Lembro-me que em 2010 no lançamento do projeto Encontro de Saberes, que realizamos com a Universidade de Brasília, sonhávamos com uma universidade permeável ao saber tradicional, aquele que brota da criatividade que vem das ruas e brota há séculos das comunidades indígenas. Modos de pensar e de fazer que trazem novos desafios, exigem a produção de novos conceitos, e servem como teste para a validade dos critérios universais que são o instrumento por excelência da Cultura Formal. Vejo neste ato também um reconhecimento a esta dimensão do saber. Saber que tanta falta fez para evitar o desastre de Mariana sobre o Vale do Rio Doce, tão caro aos Krenak.
As respostas podem ser universais, mas os caminhos que conduzem a elas são próprios de cada povo.
Muitos países pelo mundo afora uniformizaram suas culturas. Reduziram ou exterminaram sua diversidade, eliminaram tradições, conhecimentos e ancestralidades, base de grande riqueza cultural. Em um cenário internacional, de crescente competitividade e integrada economia de mercado e consumo, o Brasil é um dos poucos países que combinam – ainda que com uma série de tensões – desenvolvimento econômico com o exercício das diferenças culturais. Temos mais 274 línguas indígenas faladas para além do português e dezenas de populações, ainda isoladas da civilização ocidental e moderna, que fascinam o mundo. O Brasil pertence ao restrito grupo de nações que ainda veem sobreviver uma parcela expressiva da diversidade de povos, línguas e costumes que marcaram o território latino-americano antes e depois da chegada dos europeus e africanos.
Não bastasse isso, não pode haver democracia no Brasil sem que os povos indígenas nela estejam incluídos. E isso não se pode fazer sem a preservação de suas culturas, sem a preservação das suas línguas, de suas religiosidades, suas maneiras de ser e de ver o mundo sem garantir e demarcar suas terras.
O Estado brasileiro ainda não é democrático. Temos que ter consciência disto. O Estado brasileiro ainda é um instrumento de dominação de uma parte da sociedade, das elites. As instituições, as regras, as leis, o senso comum, conspiram todos contra as transformações, mesmo quando se sustentam através do voto. As dificuldades são muitas, e de várias ordens.

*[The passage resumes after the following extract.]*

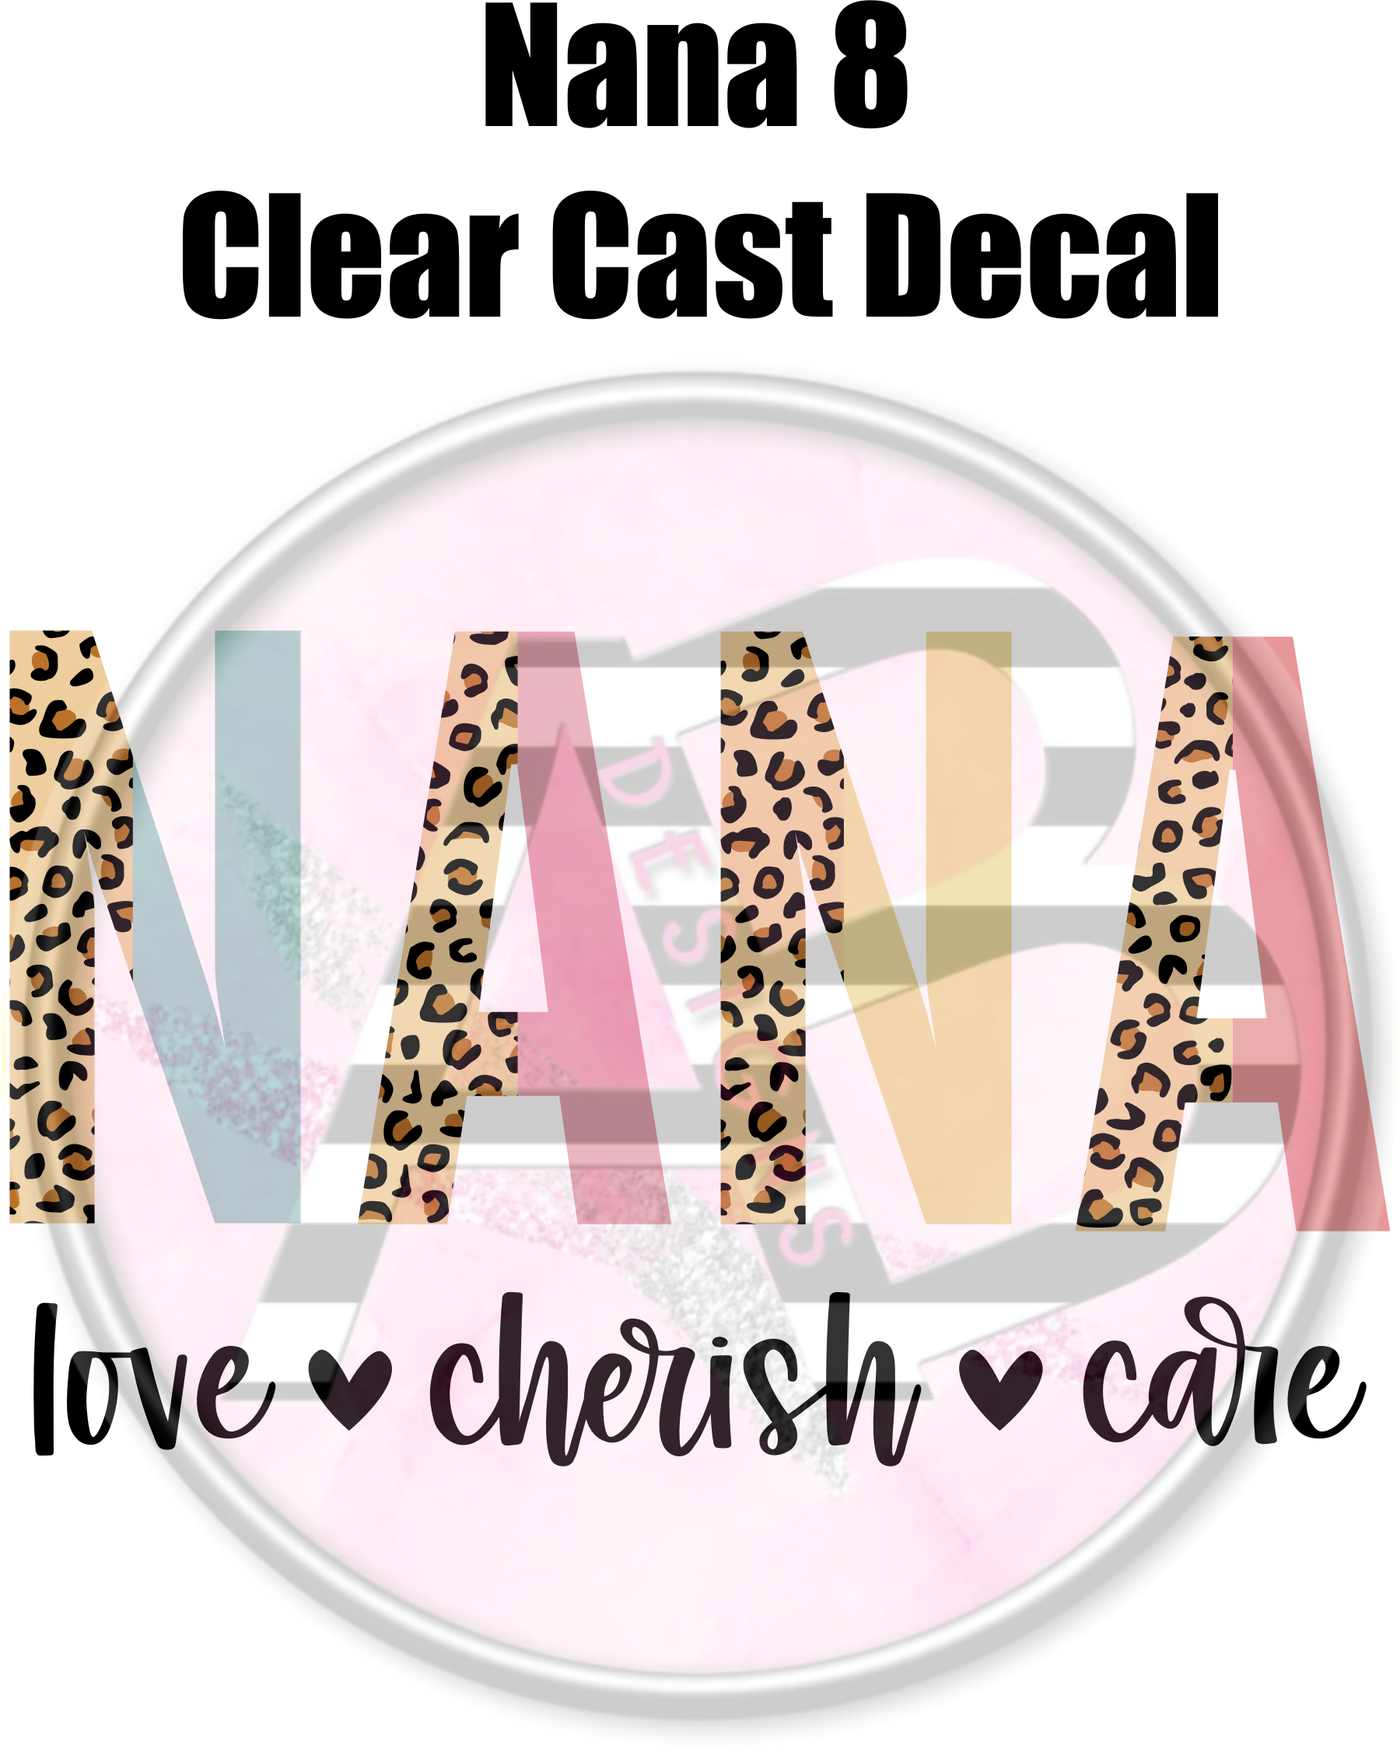 Nana 8 - Clear Cast Decal

Digo isso porque tenho consciência dos limites do Estado brasileiro e do governo. Sou governo, mas se nele eu não pudesse expor meu pensamento, nele eu não caberia.
Com a redemocratização do Brasil, os povos indígenas foram reconhecidos como parte fundamental de nossa nacionalidade. A constituição de 88, com todos os seus limites, reconhece os direitos dos povos indígenas e determina a demarcação de suas terras; determina, ainda, que haja uma forma singular para prestação de serviços a estas populações. Os indígenas têm uma singularidade que precisa ser respeitada. O trabalho de implantação da política prevista não foi satisfatório nos primeiros anos, mas avançamos muito. Isso se reflete nas demarcações de terra, isso se reflete na saúde, na educação, mas nos últimos anos tem sido grande a pressão de setores dessa elite a que me referi para que o Estado não cumpra este seu papel constitucional.
Este assunto não interessa só aos povos indígenas. A questão indígena interessa a todo cidadão e cidadã de bem do Brasil. Estou convencido de que não há possibilidade de construirmos uma democracia em nosso país se os povos indígenas não virem assegurados seus direitos fundamentais: direito à terra, direito à cultura, direito à saúde, direito à educação. Os indígenas são parte fundamental de nossa formação.